The mock data came from high-precision N-body simulations, massive computer calculations that evolve millions of simulated dark matter particles under gravity to produce realistic galaxy distributions. Three flavors of mock catalogs were included: galaxies in “real space” (without observational distortions), “redshift space” (with the distortions real telescopes see), and on a “light cone” (the most realistic scenario, mimicking how surveys observe the sky across cosmic time).

Figure 1

Six distinct analysis methods competed, each targeting different aspects of the non-Gaussian information in galaxy clustering:

  • Density-split clustering divides the survey volume into regions of different galaxy density and measures clustering in each environment separately
  • Nearest neighbor statistics characterize how isolated or crowded each galaxy is relative to its neighbors
  • Void statistics extract information from the large empty regions between galaxy filaments
  • BACCO power spectrum emulator uses machine learning to interpolate between simulations, extending power spectrum analysis to smaller, nonlinear scales
  • LEFTfield performs field-level inference: rather than compressing observations into summary statistics, it analyzes the full three-dimensional galaxy density field directly using Effective Field Theory (EFT), a framework borrowed from particle physics that describes matter clustering at large scales without requiring a model of every small-scale detail
  • Joint power spectrum and bispectrum analyses add the bispectrum (three-point correlations measuring triangular galaxy configurations) using both EFT and simulation-based inference (SBI)

Figure 2

SBI trains neural networks on thousands of simulations to learn the statistical relationship between observations and parameters, bypassing the need for an analytic likelihood function (which becomes intractable for complex statistics).
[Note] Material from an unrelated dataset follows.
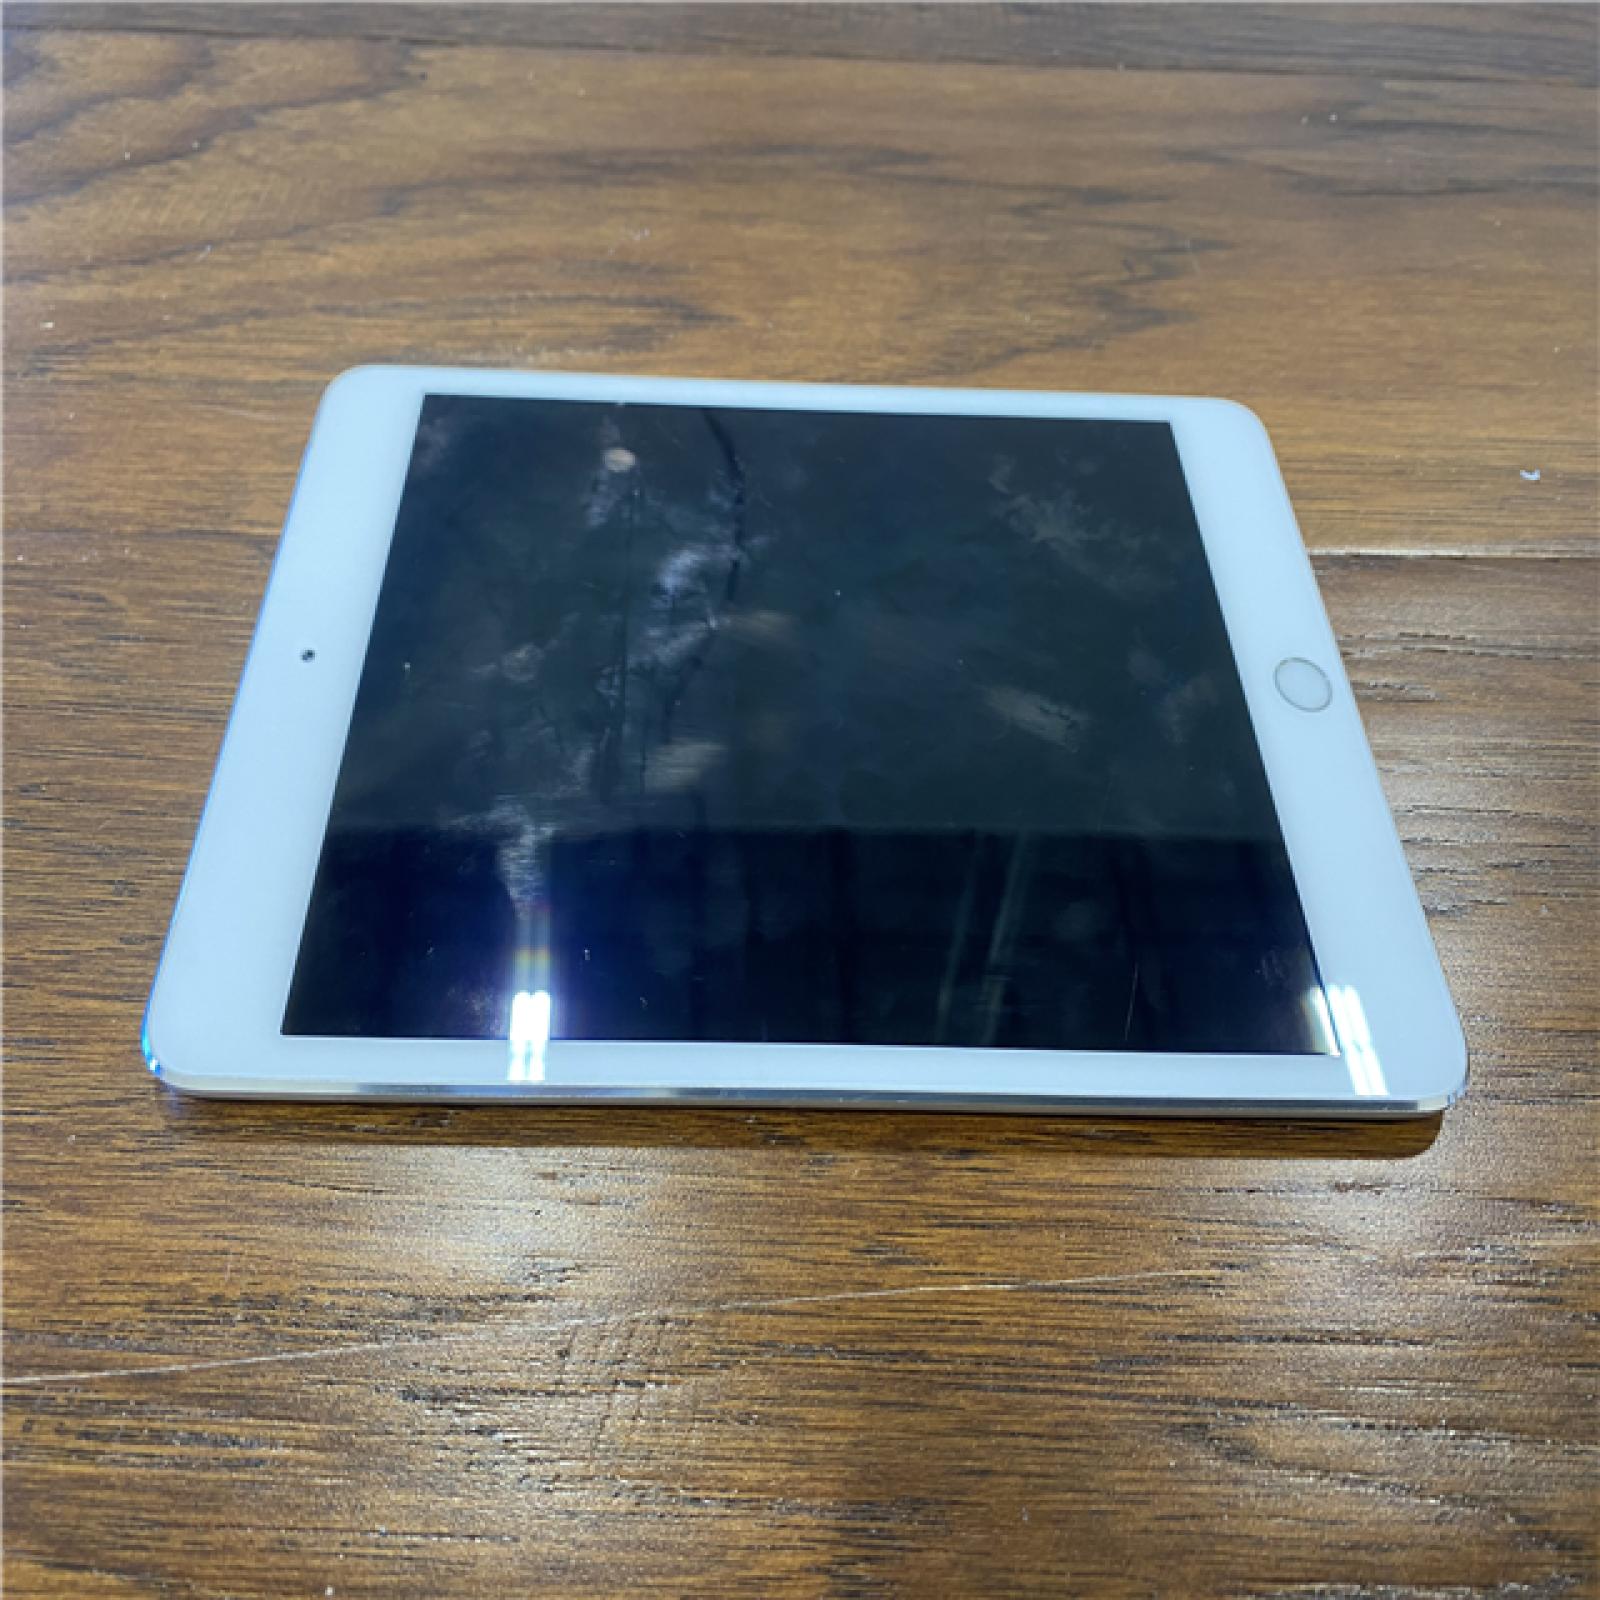 Apple iPad Mini 4 Wi-Fi + Cellular - Tablet - 16GB - Gray
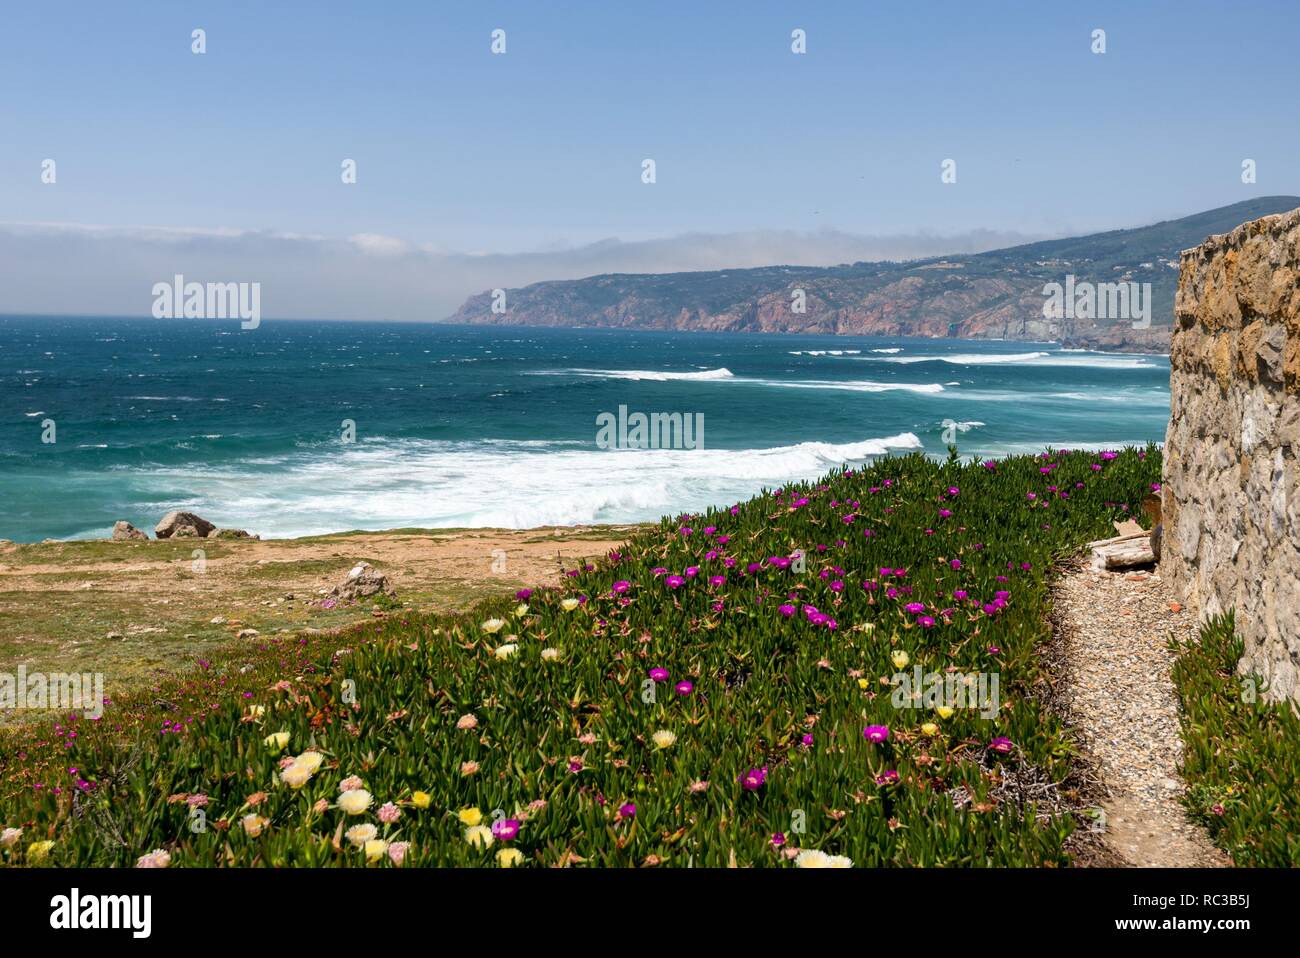 La spiaggia di Praia do Guincho è popolare per il surf, windsurf e kitesurf. Guincho, Parc naturel de Sintra-Cascais, Portogallo Foto Stock

Both field-level inference and SBI are among the most ambitious applications of modern machine learning to fundamental cosmology.

Why It Matters

The validation is significant precisely because it’s hard. Each method involves a long chain of modeling choices: how to simulate galaxy formation, how to handle observational effects, how to build a statistical model, how to sample parameter space. Any link can introduce systematic bias. The fact that multiple independent methods, built on completely different mathematical frameworks, all recovered the true parameters consistently is strong evidence the field is on the right track.

The challenge also exposed where work remains. Some methods struggled with light-cone geometry or scale cuts. Others showed tension between real-space and redshift-space results that needs further investigation. The collaboration treats this as a living challenge: the dataset is publicly available, and teams are invited to submit results from methods not yet tested.

The next frontier includes realistic survey complications like survey geometry, photometric redshift uncertainties, and the full complexity of galaxy bias (the messy relationship between where galaxies live and where the underlying dark matter actually is).

Bottom Line: The Beyond-2pt challenge shows that a new toolkit of statistical methods can reliably decode cosmological information that traditional analyses miss. As next-generation surveys come online, these tools will be essential for squeezing every bit of physics out of the data.

IAIFI Research Highlights

Interdisciplinary Research Achievement
This work unites simulation-based inference and machine learning emulators with rigorous statistical cosmology, showing how AI-driven methods can be validated against traditional analytic approaches in a controlled community challenge.
Impact on Artificial Intelligence
Simulation-based inference and neural network emulators like BACCO proved competitive with analytic methods, showing that learned statistical models can recover unbiased cosmological parameters from complex, high-dimensional data.
Impact on Fundamental Interactions
Recovering ΛCDM parameters, including matter density and the amplitude of density fluctuations, from beyond-two-point statistics directly constrains the physics of dark matter, dark energy, and the growth of large-scale structure.
Outlook and References
Future challenge rounds will tackle realistic survey systematics and tighter constraints on extensions to ΛCDM; full results and data are described in [arXiv:2405.02252](https://arxiv.org/abs/2405.02252).